The UPF "ids" field maps to the XSPF "identifier" field:
[http://xspf.org/xspf-v1.html#rfc.section.4.1.1.2.14.1.1.1.2](http://xspf.org/xspf-v1.html#rfc.section.4.1.1.2.14.1.1.1.2)

XSPF is not M3U in any way. From the spec:
[http://xspf.org/xspf-v1.html#rfc.section.3.4](http://xspf.org/xspf-v1.html#rfc.section.3.4)

3.4 Content resolver

On a surface level you can use XSPF like any other playlist format. Drop a
bunch of filenames into an XSPF document, prepend "file://" to each, and
you're ready to go. Under the surface there is much more.

The guiding design principle was to separate the functionality of a catalog of
files from the functionality of a list of songs.

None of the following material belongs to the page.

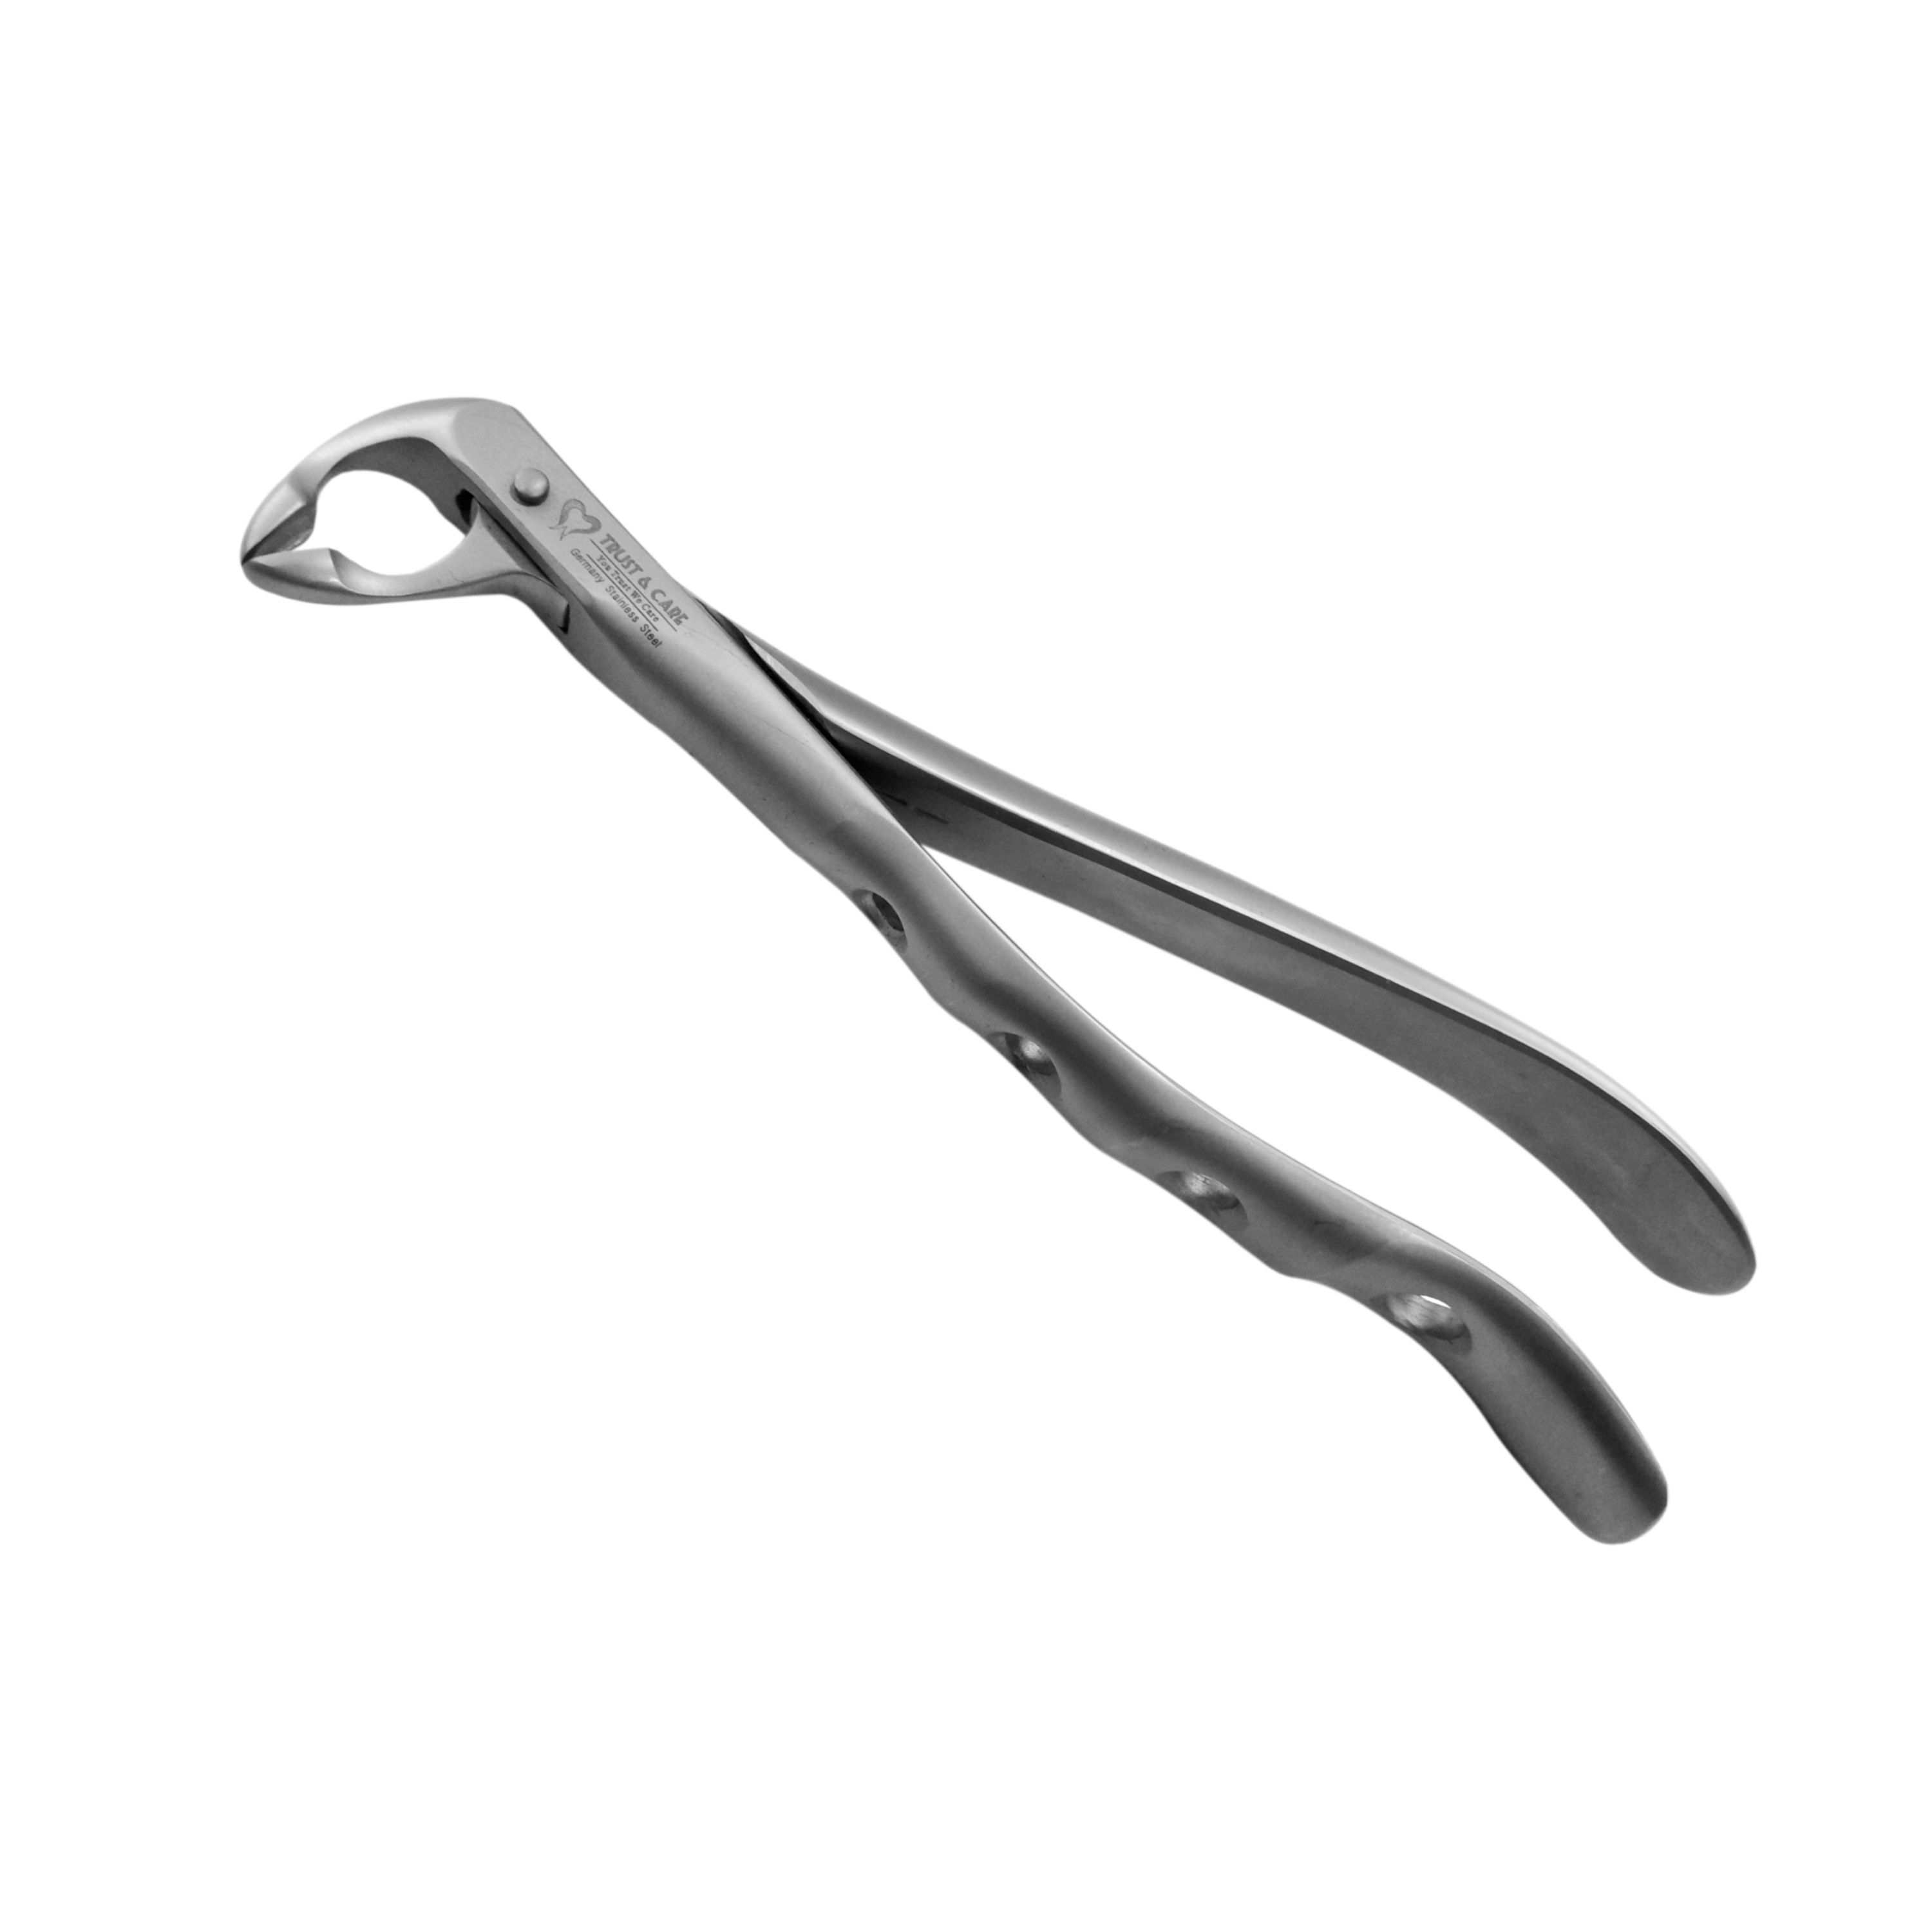 Trust & Care Secure Forcep Lower Roots Fig No. 974.00

Most software music players
on the PC have some sort of cache for file information. This cache stores a
list, or catalog, of available files and metadata from ID3 tags and other
sources. XSPF is not a catalog format. XSPF exists only to say which songs to
play. Almost everything in XSPF is for the purpose of answering the question
which resource, rather than the question what is this resource.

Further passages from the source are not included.